Small remark: There should be no need to call with_gil in the constructor, as a Python token is available via PyRef::py.

[adamreichold]

And a safety advice: You probably want to put the PyRef directly inside your iterator (also by transmuting the lifetime) to ensure that the PyCell holding the BTreeMap stays borrowed. As you wrote it, I think that Python code modify the underlying BTreeMap (by creating a new borrow of the PyCell) while you btree_map::Keys iterator is still alive which is undefined behaviour.

[cgarciae]

Thanks @adamreichold!

You probably want to put the PyRef directly inside your iterator (also by transmuting the lifetime) to ensure that the PyCell holding the BTreeMap stays borrowed

Q: is this better than having the PyObject or should I do both?

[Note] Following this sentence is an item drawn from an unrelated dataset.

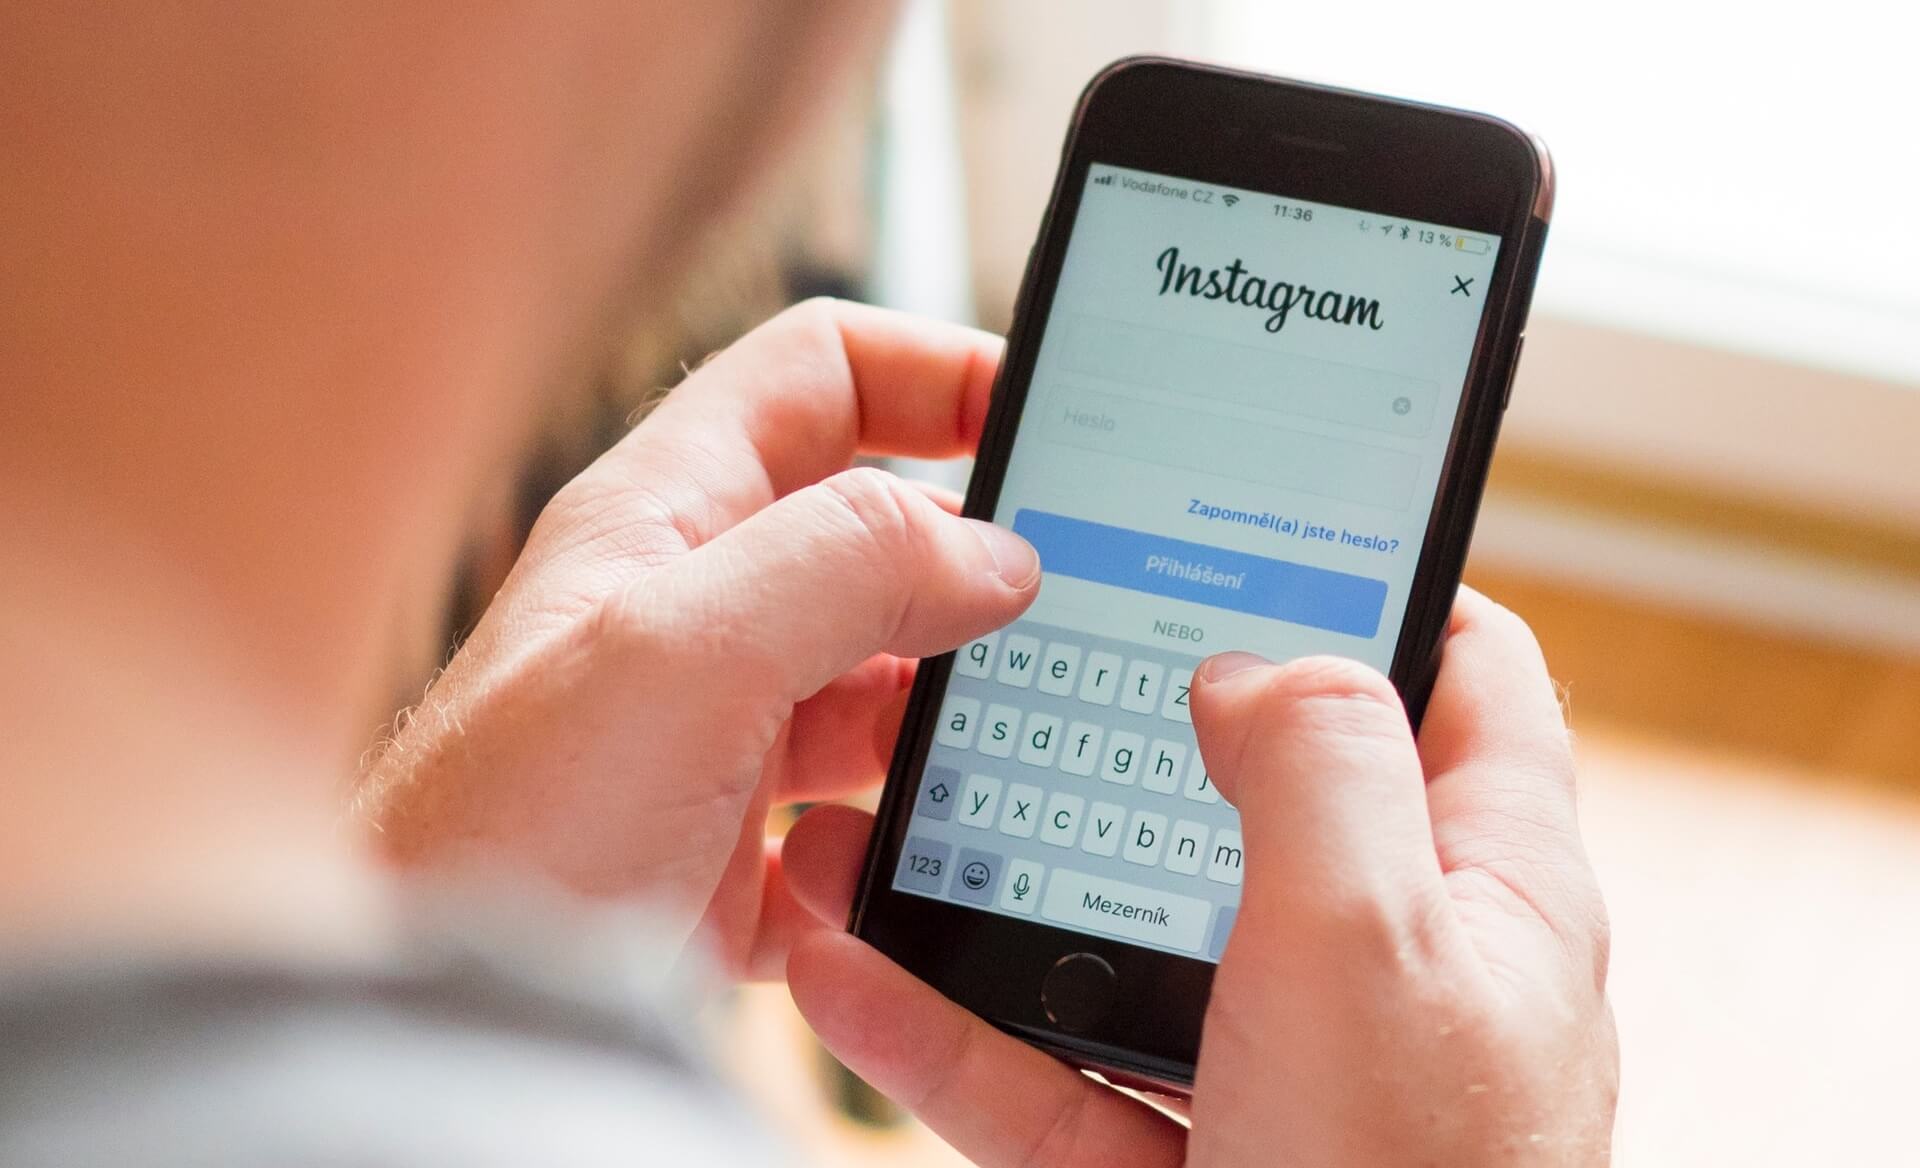 A man logs into Instagram on his cellphone
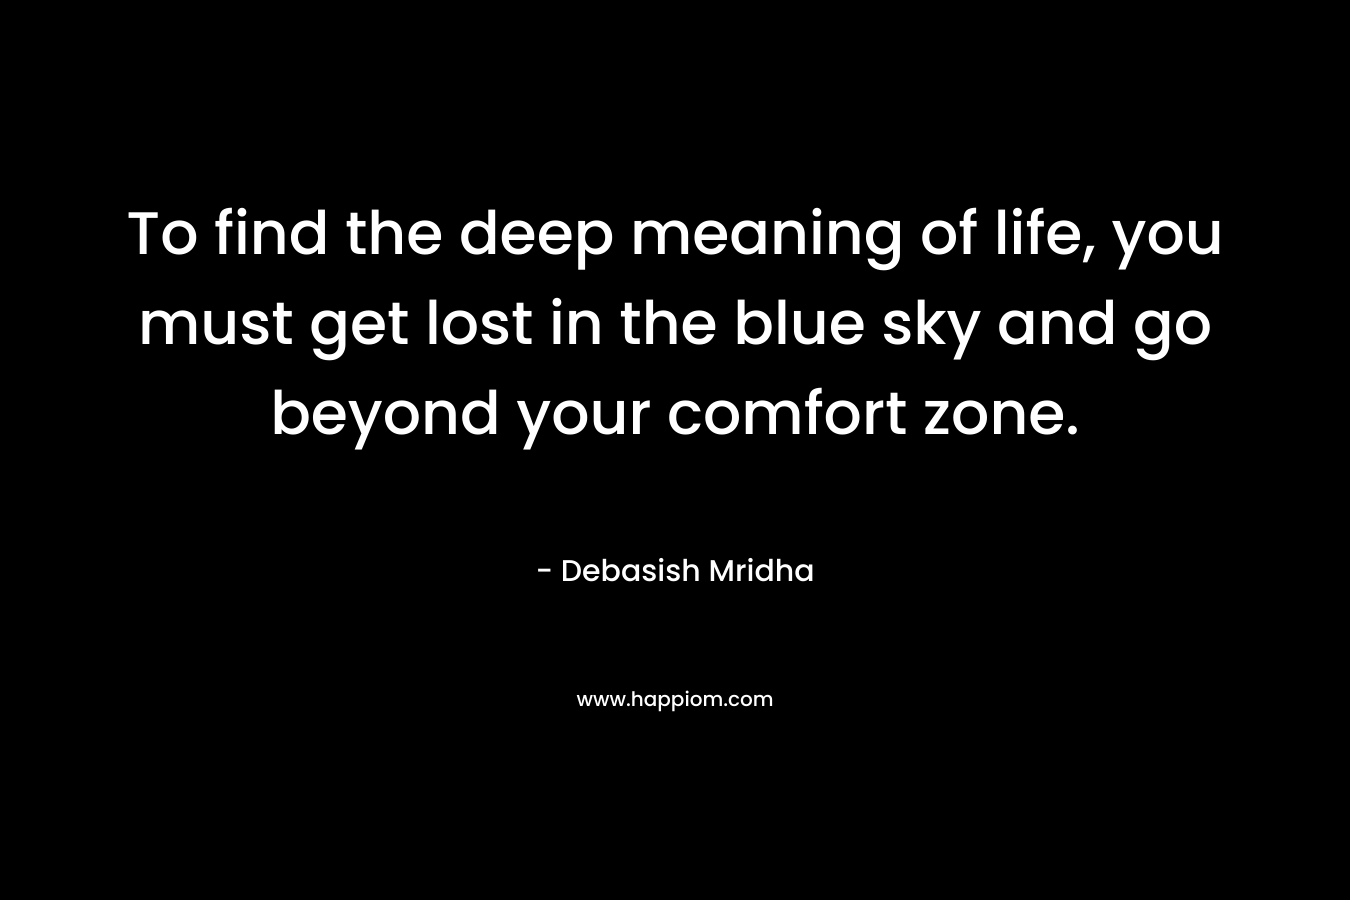 To find the deep meaning of life, you must get lost in the blue sky and go beyond your comfort zone.

A bit confused about ownership rules regarding PyObject vs PyRef. My understanding is that PyObject is managed by pythons reference counting so as I coded this, the PyBTreeMap holding the BTree would be kept alive by python.

There should be no need to call with_gil in the constructor, as a Python token is available via PyRef::py

Nice tip, removed a lot of with_gil calls using this.

[adamreichold]

Q: is this better than having the PyObject or should I do both? A bit confused about ownership rules regarding PyObject vs PyRef. My understanding is that PyObject is managed by pythons reference counting so as I coded this, the PyBTreeMap holding the BTree would be kept alive by python.

I think want both, the Py<PyObject> to keep at least single strong reference alive so the PyRef and the btree_map::Keys cannot become dangling and the PyRef itself so the PyCell storing the BTreeMap remains immutably borrowed.